A Dangerous Place by Chelsea B. DesAutels
from A Dangerous Place
It seems a beautiful spring though I spend most of it indoors
watching through warped glass small tree buds burst into full green,
the ice crystals on the edge of Lake Nokomis relaxing & spreading
into waves lapping the bottom of bright canoes & sometimes,
near the shore, for the first time this year, a large white heron
landing on spidery legs. An omen, I tell myself: a bird too smart to make
a dangerous place its home & I carry that with me to the hospital.
The conflation in this first segment of the poem of the beatific natural scenery that the narrator is watching from her window with “a dangerous place” and the movement to the hospital sets up a kind of internal tension within the poem that carries it through to the end. There are a couple of other tiny tensions like this present: the beauty of the scene vs. the narrator indoors watching through “warped glass” & the heron landing both “sometimes” and “for the first time this year”.

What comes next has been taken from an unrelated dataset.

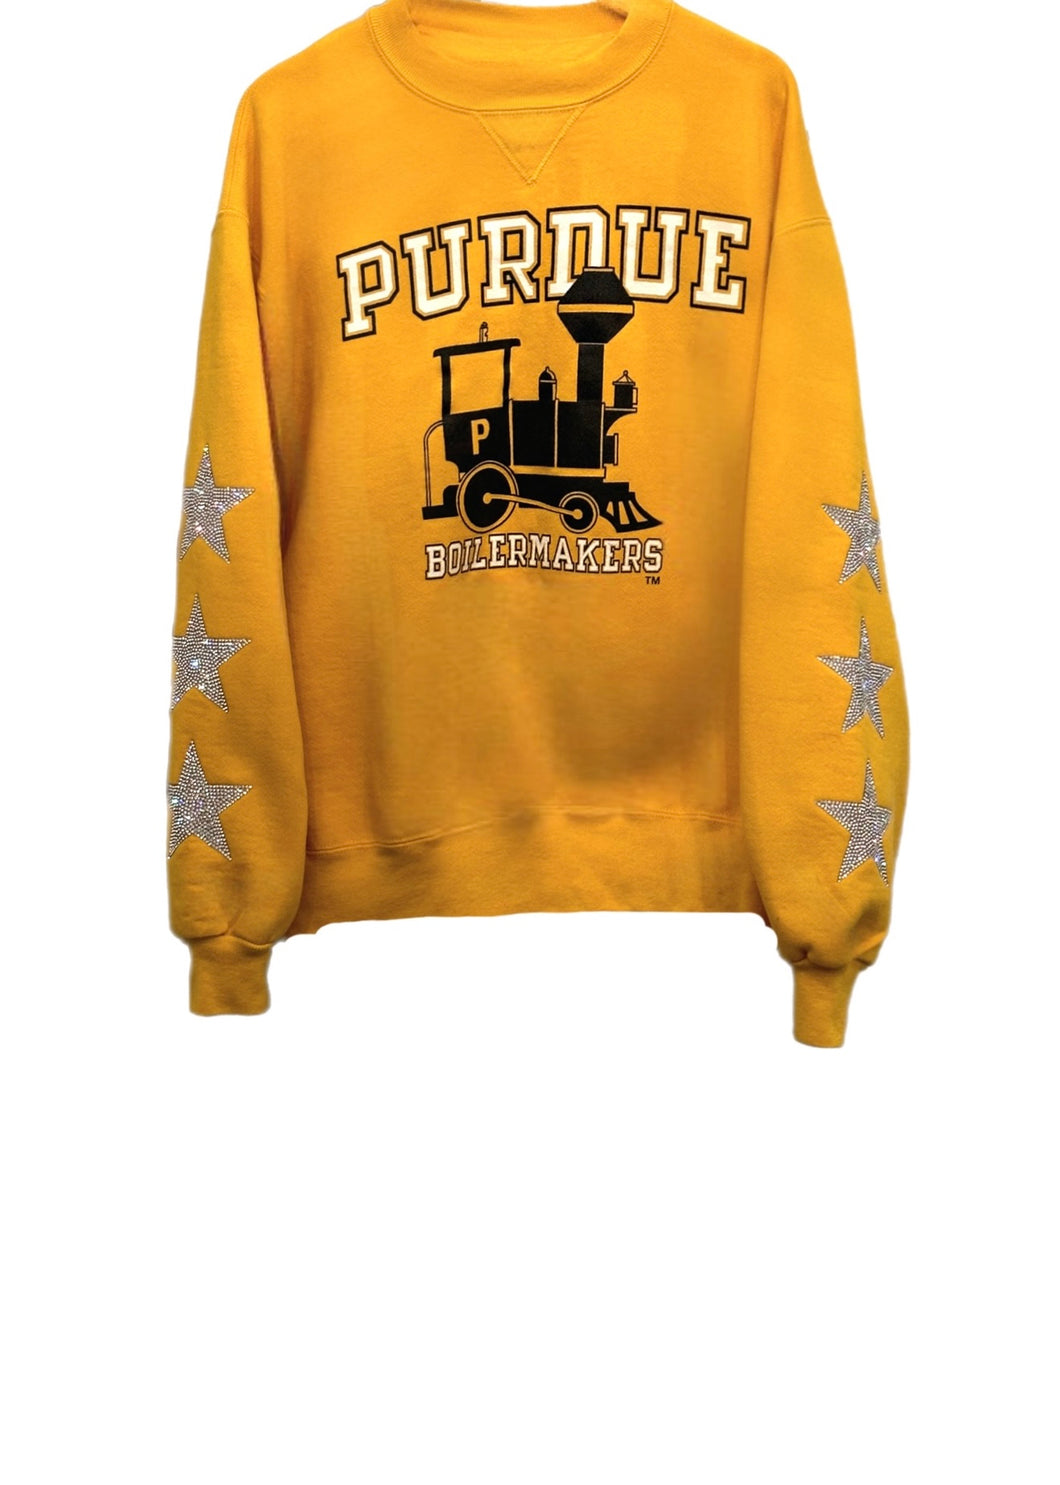 Purdue University, One of a KIND Vintage Sweatshirt with Three Crystal Star Design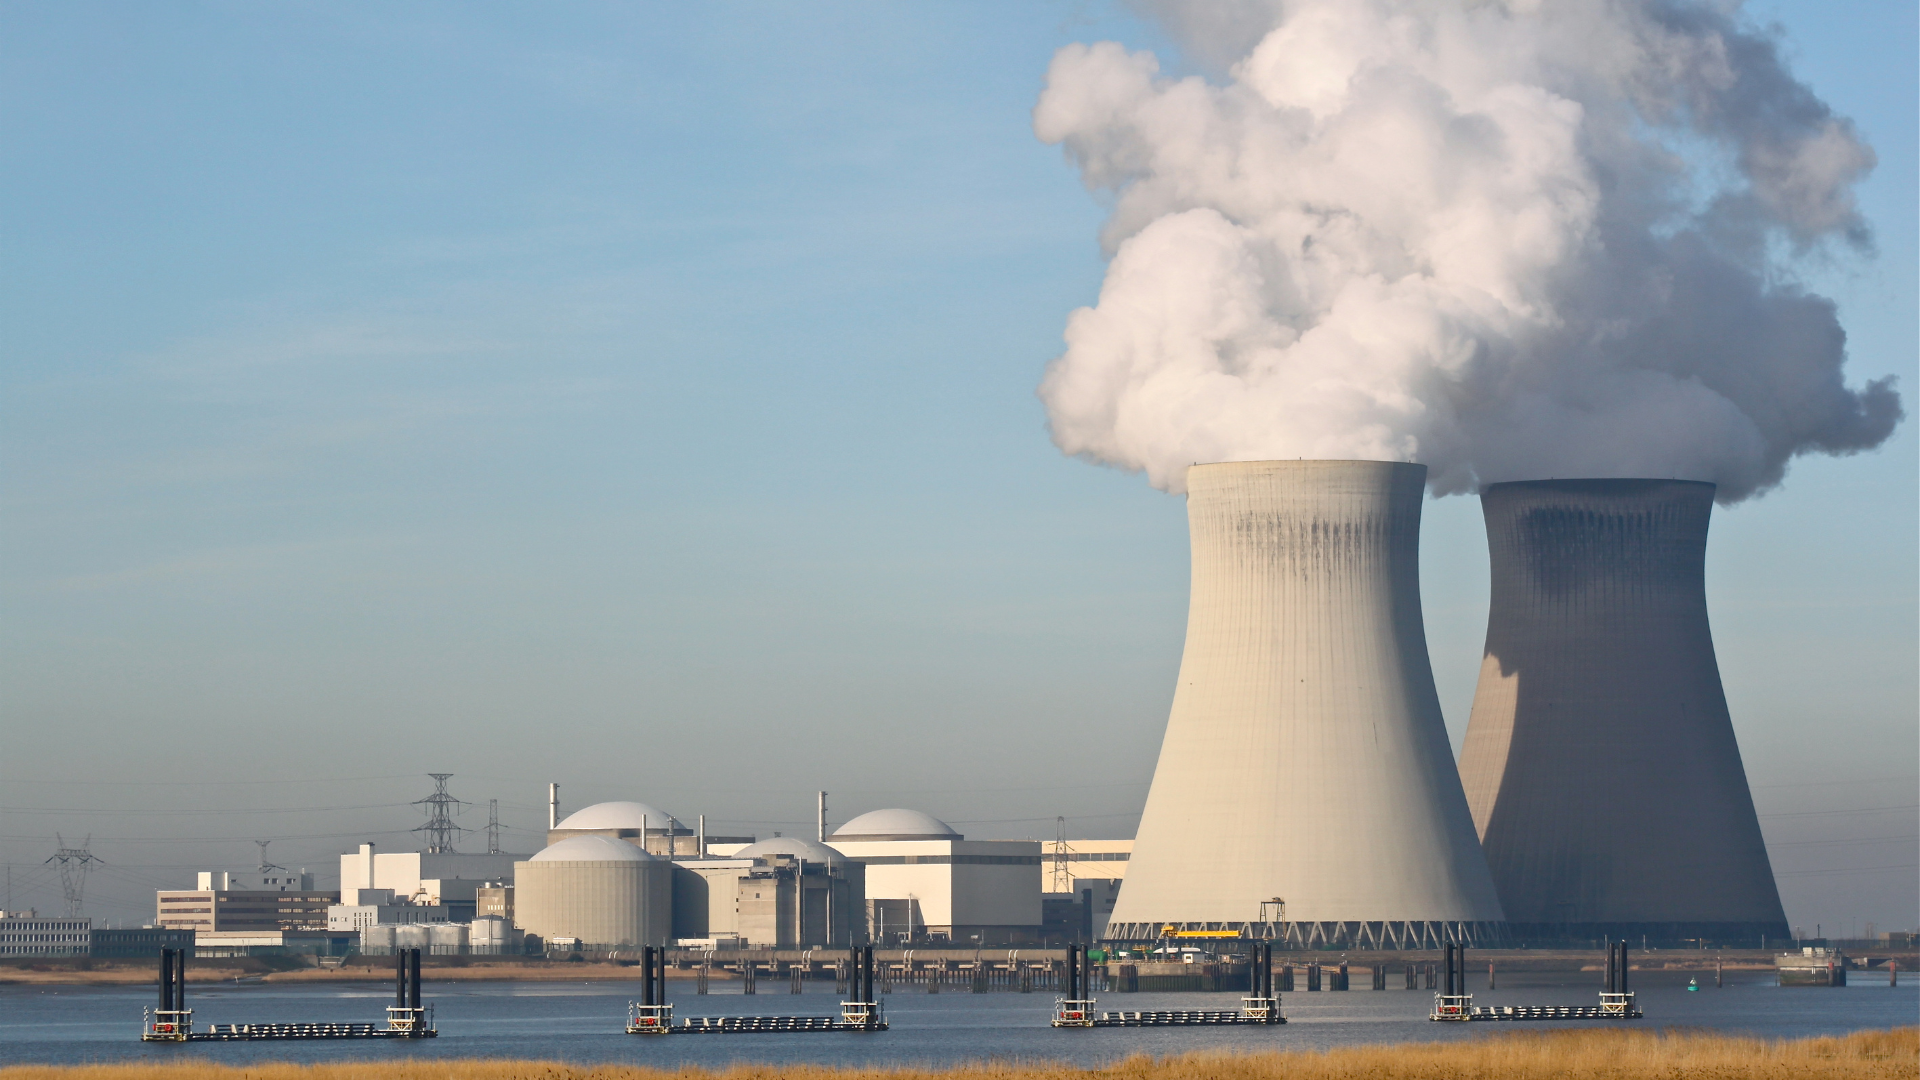 Jefe de energía nuclear de la ONU advierte, planta nuclear en Ucrania esta “fuera de control”

And I think of the heron when the doctors say congratulations
you’re pregnant, let’s shine a light to greet your baby.
And I think of the heron when they say oh sorry it seems your womb
is more cavern than nest & no, it’s no baby at all.
Presumably the narrator is thinking of the heron, in part, to remind her not to make the hospital, a dangerous place, her own home, but also perhaps to not practice attachment to an idea of what is happening with her body, avoiding a mental place that is also dangerous.
What have you been feeding this thing. And I think of the heron
skimming the lake surface with spread wings—how could I not—
as we watch on-screen the monster burst into ten thousand gray moths.
The inclusion of the phrase “What have you been feeding things thing.” is odd here, as it interrupts what had been a repeating structure of “And I think of the heron,” and I wonder if this is meant to connect us back to the spending of the spring indoors, watching life through warped glass… as if somehow the remove from the cycle of life outside had caused the birth of the “monster [that] burst into ten thousand gray moths,” (an amazing image).
And I hear the echo of wings in my belly. And I feel the fury
of wings in my lungs. And when the doctors tuck a port
above my breast I think of the heron disguising a large bed
in marshy grasses. And I imagine the white sheets as heron wings.
And the whirring machines are white eggs.
And the worried voices are sunlight on water.
The use of the repeated “And” structure works really well in this poem, giving it a cadence like a kind of invocation or prayer. The repeated reference to wings evokes the freedom of flight, escape from the confined circumstances of a hospital bed. The “white sheets” and “white eggs” contrast to the “gray moths” from the previous lines.
I do wonder about the tension between “sometimes” and “for the first time” in the beginning part of the poem, and if we’re not meant to wonder if the narrator in the first section has actually already been through the hospital and is, in part, remembering the many times of thinking about the first time that the heron came that spring and what it later came to represent for her.